Twistor string theory was developed through Witten's search for a space which had the same symmetries as AdS5xS5. Now, AdS5xS5 has a superconformal symmetry group, so I'll first describe what that means.

In post #5 (appendix), I showed how the Poincare group (which consists of Lorentz transformations and translations) can be described by giving its infinitesimal generators and their relations (in other words by giving its Lie algebra). The conformal group in 4 dimensions is an even larger set of symmetries than the Poincare group. The Poincare group has Lorentz boosts xμ->Λμνxν (6 parameters) and translations xμ->xμ + aμ (4 parameters). Additionally, the conformal group has dilatations xμ->λxμ (1 parameter) and special conformal transformations xμ->(xμ-x2aμ)/(1-2aμxμ+a2x2) (4 parameters). So the conformal group of 4 dimensional spacetime is a 15 - parameter object.

Whereas the Poincare transformations preserve the Minkowski metric η'μν = ημν, the conformal transformations only preserve the metric up to multiplication by a scale factor, i.e. under a conformal transformation we have η'μν = Ω(x)ημν for some scalar function Ω(x).
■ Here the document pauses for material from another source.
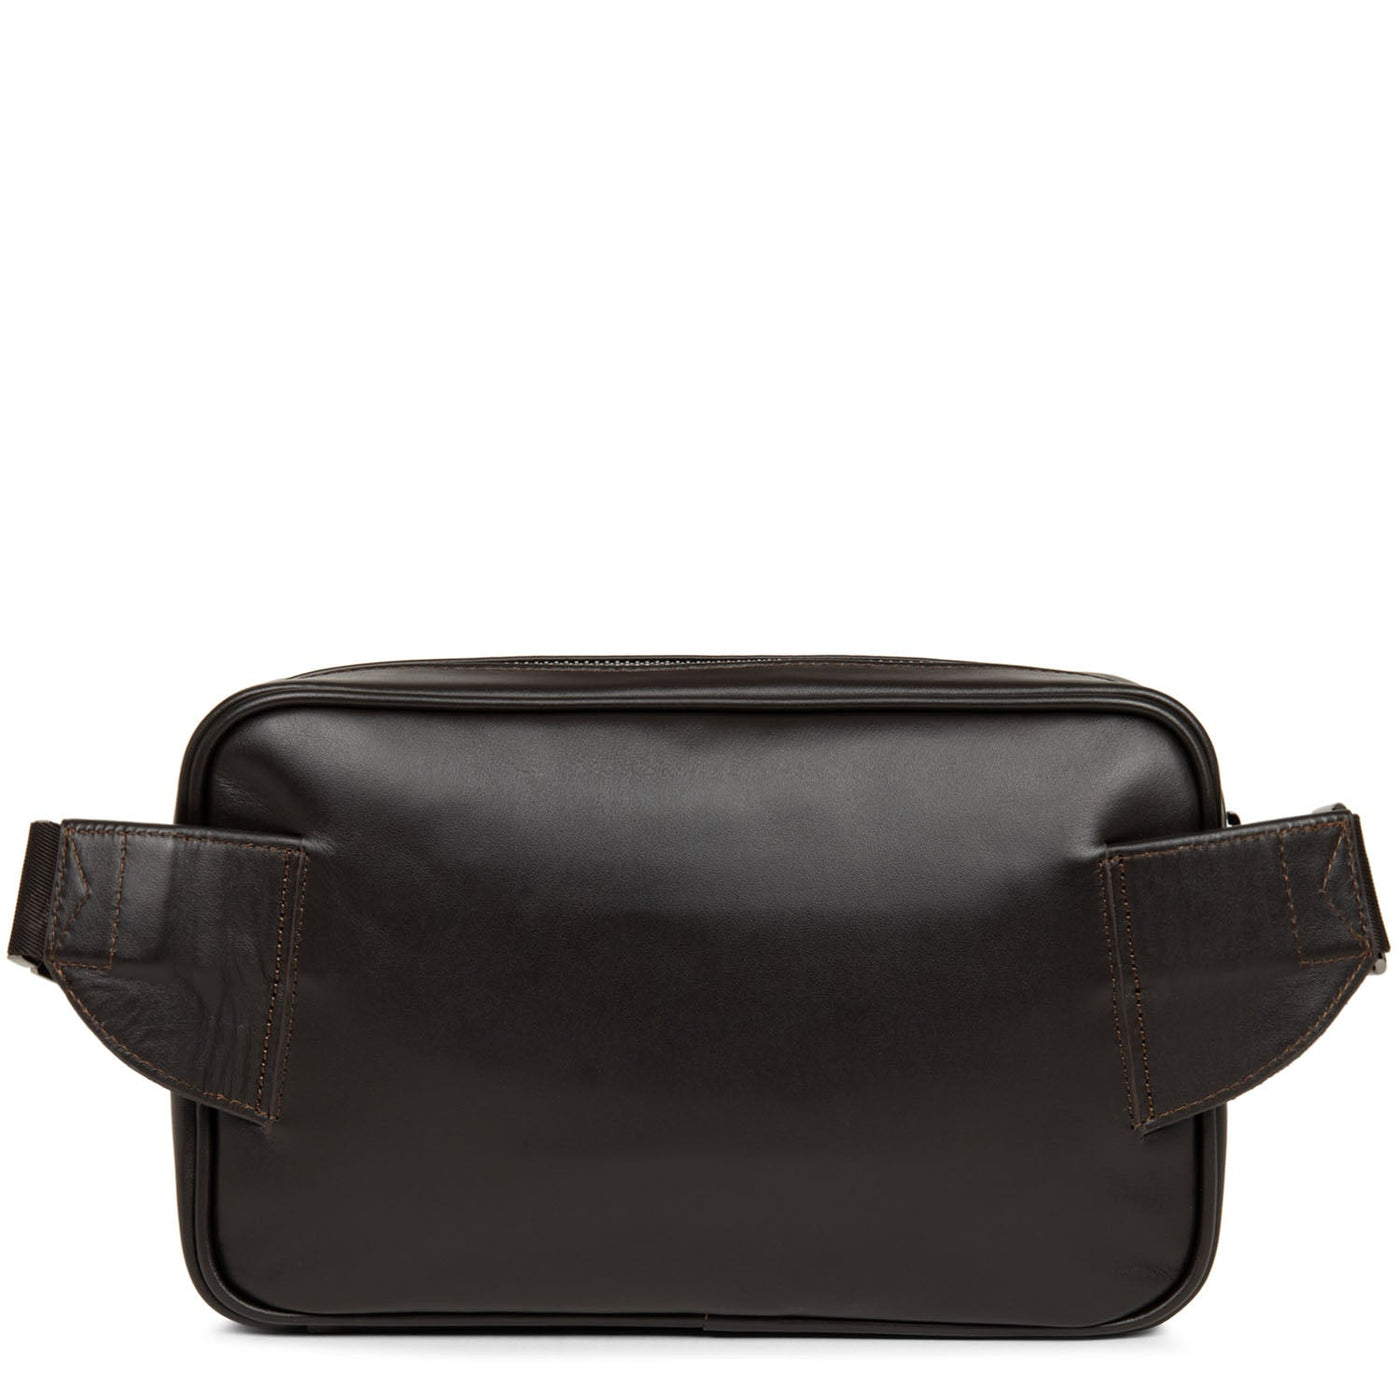 m belt bag - capital #couleur_marron

The Poincare group actions are obtained by exponentiating the actions of the generators. As I mentioned in post #5, the generators of the Poincare group satisfy the Lie algebra relations

[Jμν, Jλσ] = i(Jλνημσ - Jσνημλ - Jμληνσ + Jμσηνλ )

[Pμ, Jλσ] = i(Pλημσ - Pσημλ)

[Pμ, Pν] = 0

If we look at a particular representation of this Lie algebra, namely where the generators are acting on (wave) functions on Minkowski space (typically these are complex square integrable functions Ψ∈L2(M) ) then we can represent a generator, Pμ, of infinitesimal translations by Pμ = i∂μ (here ∂μ is short for ∂/∂xμ). A finite translation by a constant vector aμ is representable by a unitary operator U(a). U(a) is given in terms of the infinitesimal translation operator by U(a) = exp(iaνPν). Applying it to the coordinates on Minkowski space, we can obtain

U-1(a)xμU(a) = xμ + aμ

i.e. we get a finite translation, as required.
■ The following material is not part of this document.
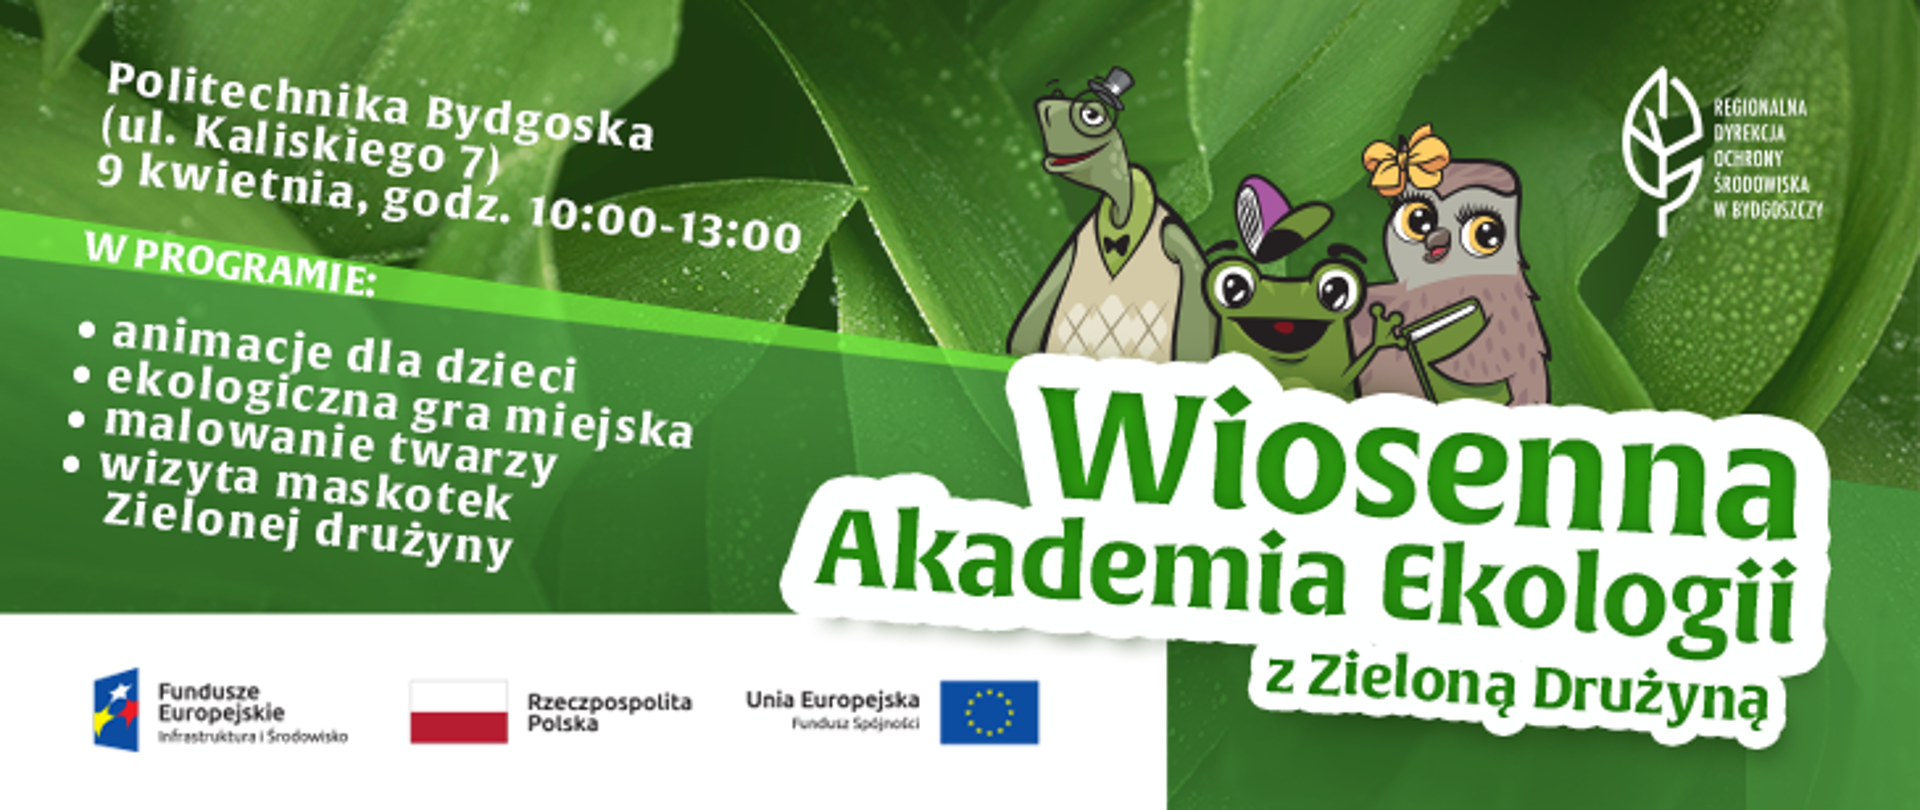 Już w najbliższą sobotę zapraszamy wszystkich do Wiosennej Akademii Ekologii, która odbędzie się na Politechnice Bydgoskiej, przy ul. Kaliskiego 7, w godzinach od 10:00 do 13:00.

In the same way, we can define unitary operators that implement finite conformal transformations, such as the dilatations for example:

D = xμPμ

U(c) = exp(icD)

U-1(c)xμU(c) = e-cxμ

Similarly, the special conformal transformations have generators Kμ = -2xμD + x2Pμ+2SμνPν

You got yourself some more generators, first thing you do - write down the commutation relations:

[Jμν, Kλ] = i(ηλμKν - ηλνKμ )

[Jμν, D] = 0

[D, Pμ] = -iPμ [D, Kμ] = iKμ

[Kμ,Kν] =0

[Kμ,Pν] = 2iημνD + 2iJμν

In fact that it can be shown that this, the Lie algebra of the conformal group, is isomorphic to the Lie algebra of SO(2,4), which is the "Lorentz" group of a 6 dimensional space with metric ++----, i.e. two time and four space dimensions.

What if our model is supersymmetric as well as being conformally invariant ? Recall that supersymmetric means that we have supercharges QA, QbarB' (this is for 𝒩=1. (For 𝒩 > 1, we'd have an extra index on the Q's labelling which supercharge we were talking about). These supercharges are infinitesimal operators acting on superspace (post #6). Also note that the spinors QA, QbarB' are spacetime spinors, not worldsheet spinors that I talked about in post #10, and I'm using Penrose-style spinor indices - A and A' rather than α and α. (the dot should be directly over the alpha, but I can't do this) that appears in much of the literature.

The actions of the supercharge QA and the special conformal symmetry generator Kμ don't commute, and we give the notation S to their commutator:

SA = -i/2[KAA', QbarA']; SbarA' = -i/2[KA'A, QA]

Quick note on notation: the special conformal generator has a vector index - it's Kμ, but recall in post #3 I described how you can replace a vector with a pair of spinor indices, one primed and one unprimed. This is what we've done here.

The SA are sometimes called "conformal supersymmetries", whereas QA are plain old "Poincare supersymmetries".

Collecting what we've got:

Commutators between the Jμνs, the Pμ's, D's, Kμ's give the Lie algebra of the conformal group. Now that we've added the QA's and SA's, we can define a whole bunch more commutators:

[D, QA] = -(i/2)QA etc. (there are lots of them and I'm not going to write them all out !)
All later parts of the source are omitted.